As the Covid-19 vaccine arrives in long-term care facilities this month, however, Perry, who is also a board member of the National Association of Health Care Assistants (NAHCA), says she and many of her co-workers are concerned about side effects and distrustful of the government. With a maximum of six paid sick days a year, she fears having to take unpaid time off. Her facility hasn’t told staff anything about the vaccine’s arrival, she says, and “that throws people into panic mode,” because they fear they’ll be pushed into taking a brand-new vaccine that they don’t fully understand.

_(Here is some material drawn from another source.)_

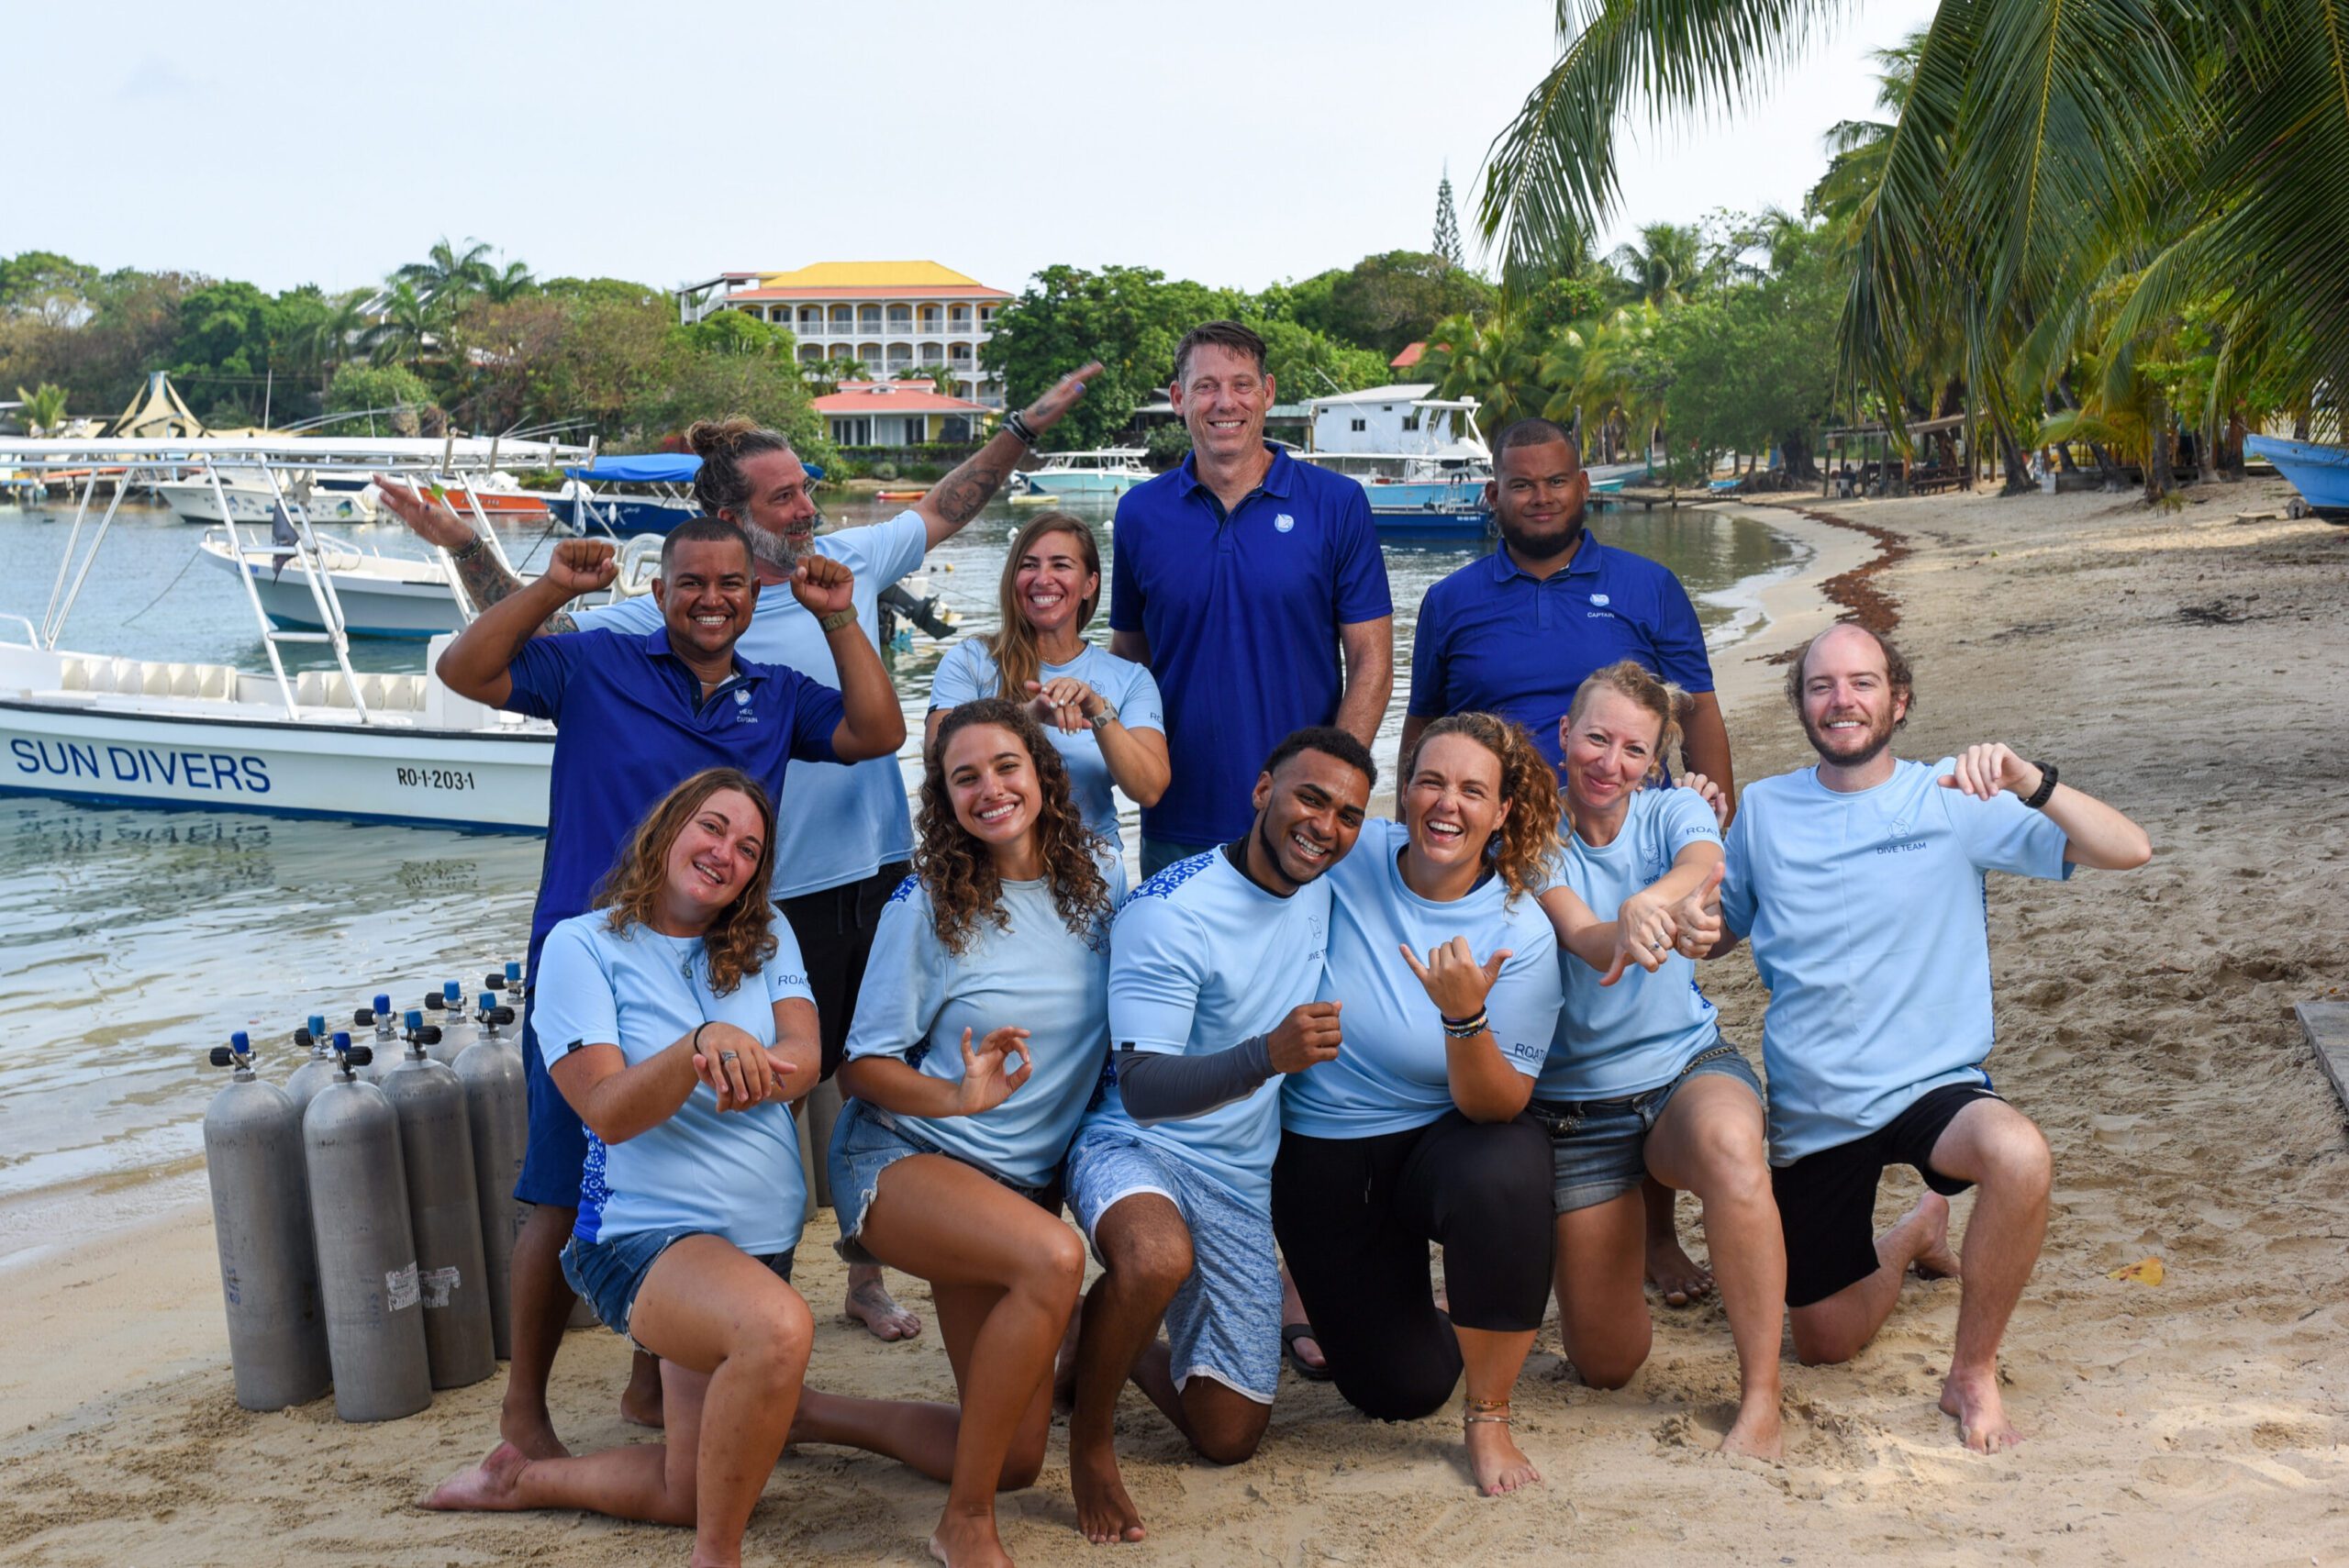 The team of the dive shop Sun Divers Roatan is wearing their team shirts and standing at the beach in front of the diver centers boats in Roatan, Honduras.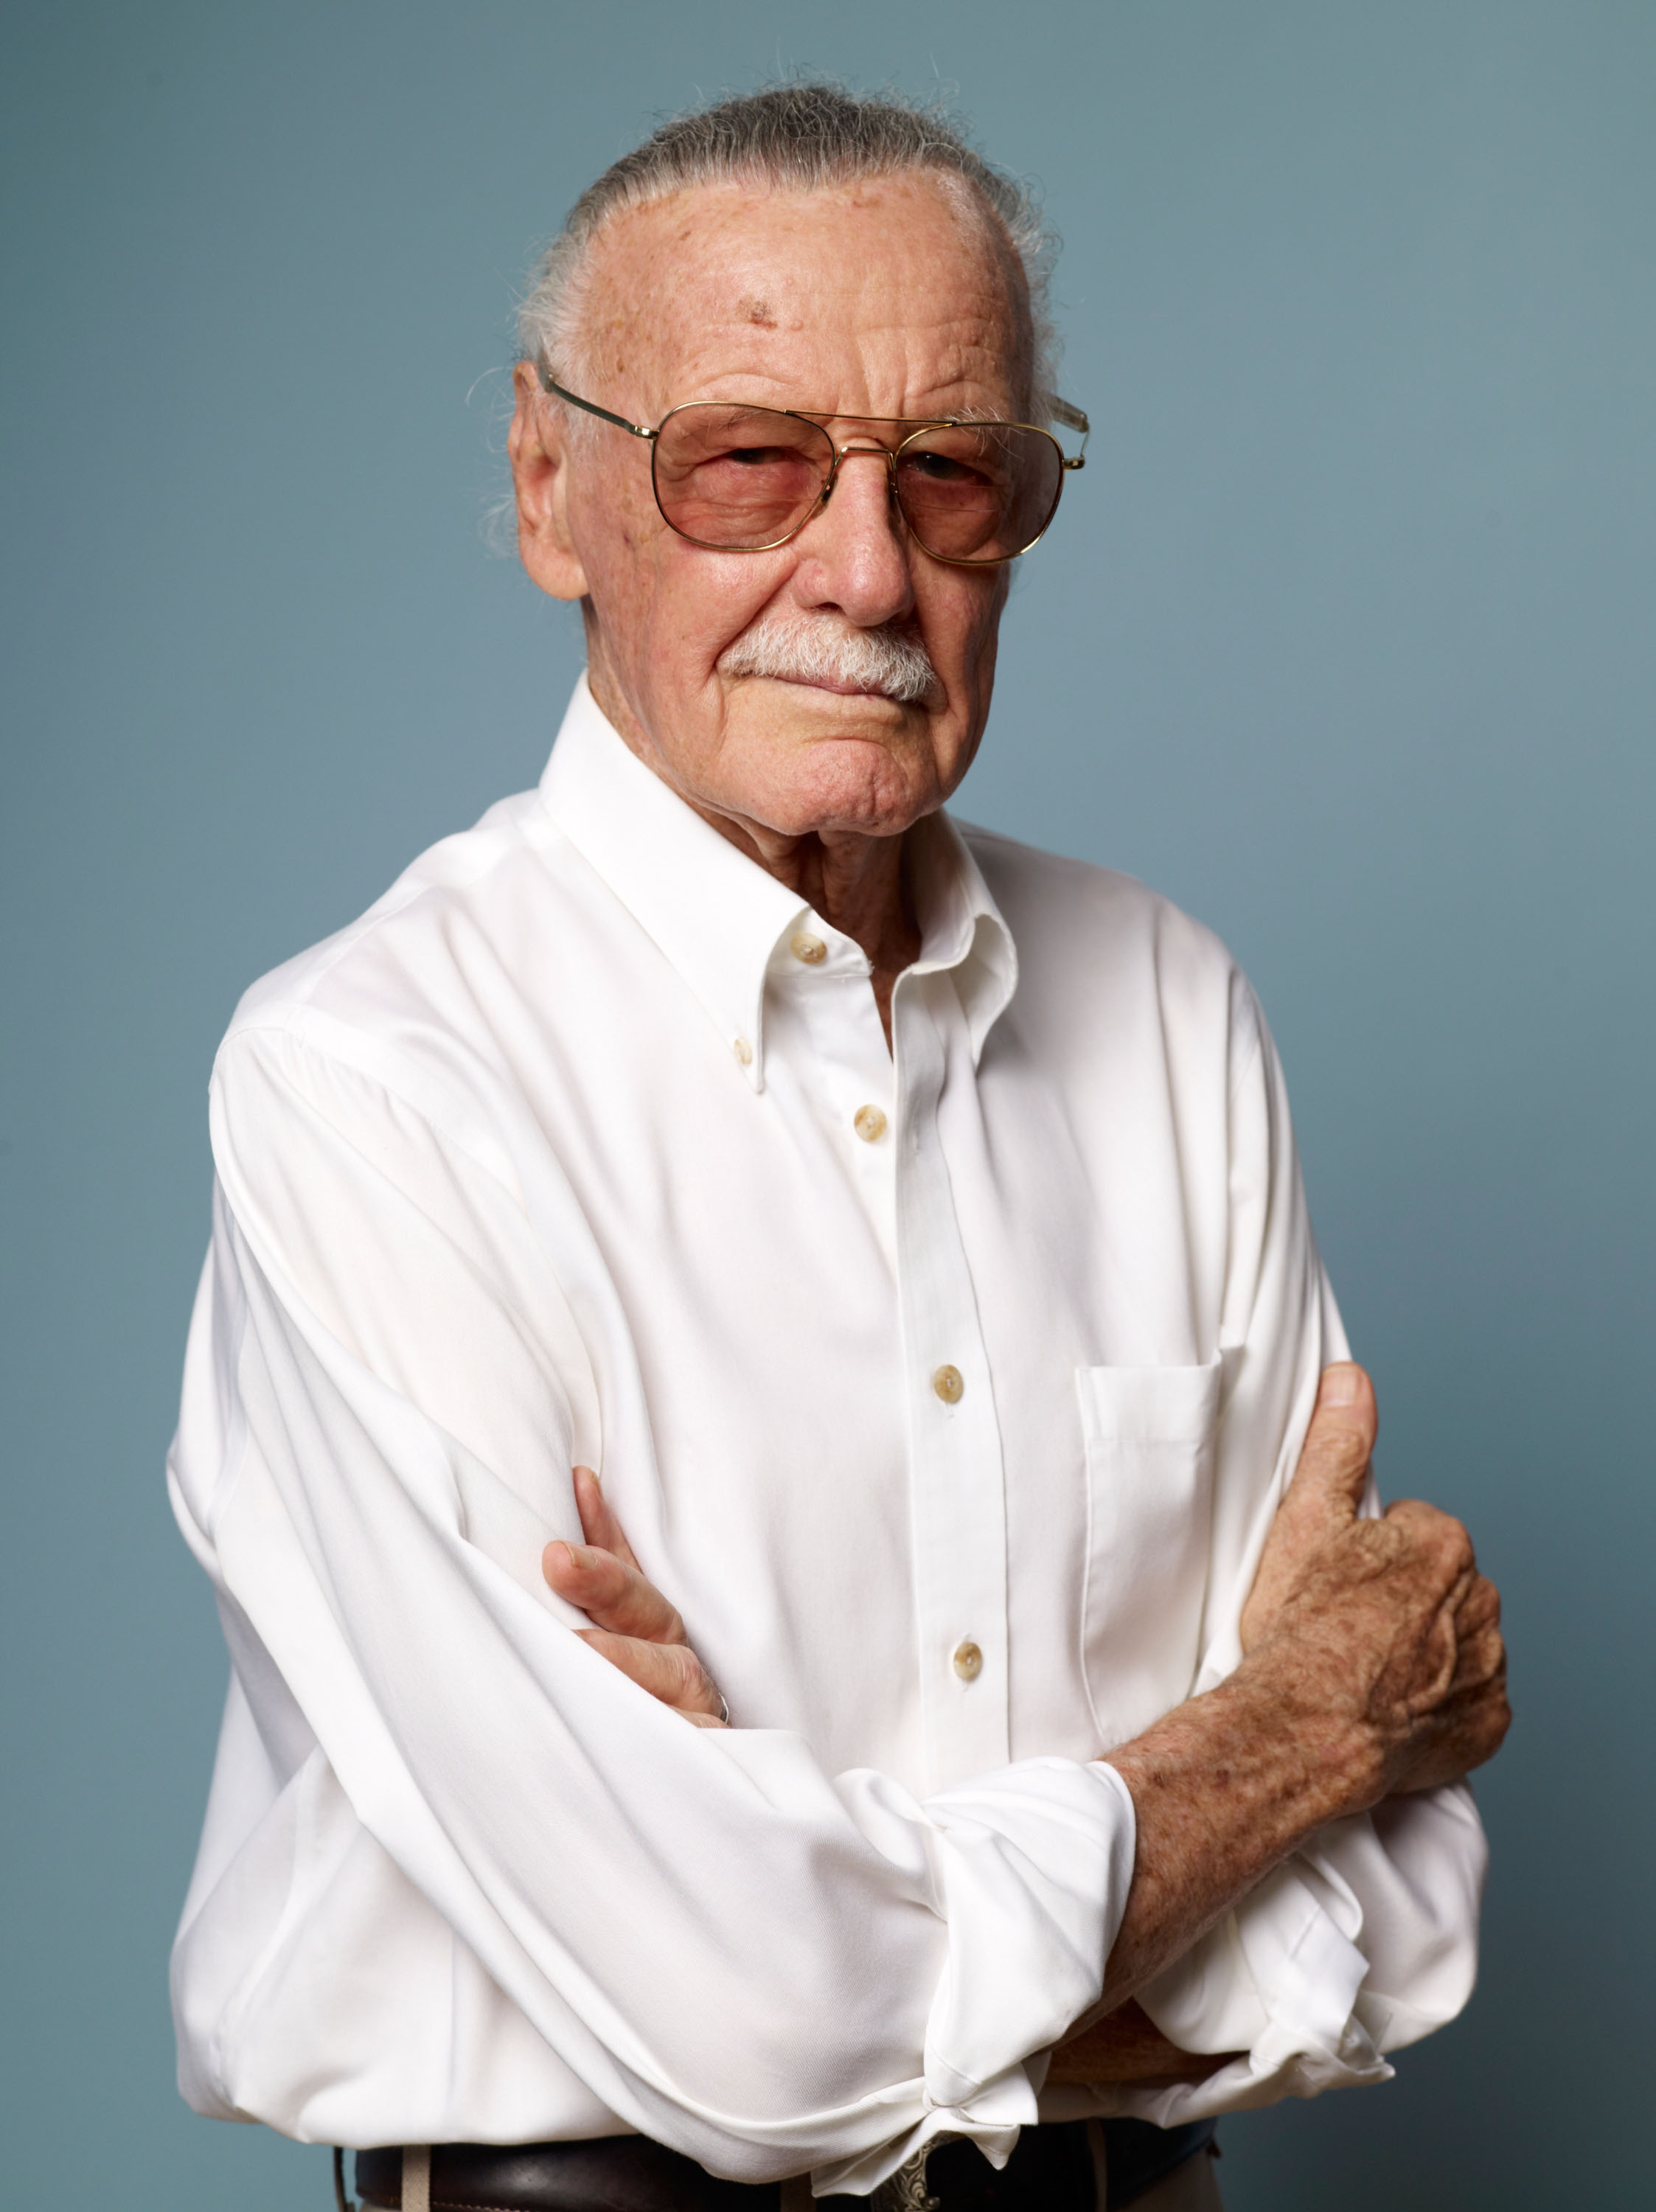 Times Stan Lee Was A Total Boss

While the vaccine’s arrival is being heralded as the beginning of the end of long-term care facilities’ hard-fought war against Covid, not all workers and residents will be rolling up their sleeves for a shot. Widespread vaccine skepticism among direct-care workers and residents, and limited initial doses of the vaccine threaten to delay or even derail vaccination of swaths of the long-term care population.
Failing to vaccinate a sizable fraction of long-term care residents and workers could result in many additional lives lost and unnecessarily extend the isolation of residents in locked-down facilities. More than 110,000 long-term care residents and staff members have died of Covid-19, according to the Covid Tracking Project, accounting for about 40% of all U.S. deaths from the virus. The virus is claiming about 5,000 lives a week in long-term care facilities, according to the industry group American Health Care Association/National Center for Assisted Living. “If we botch the rollout of the vaccine in long-term care, we’re missing an opportunity to save tens of thousands of lives,” says Dr. Michael Wasserman, a geriatrician and former president of the California Association of Long Term Care Medicine.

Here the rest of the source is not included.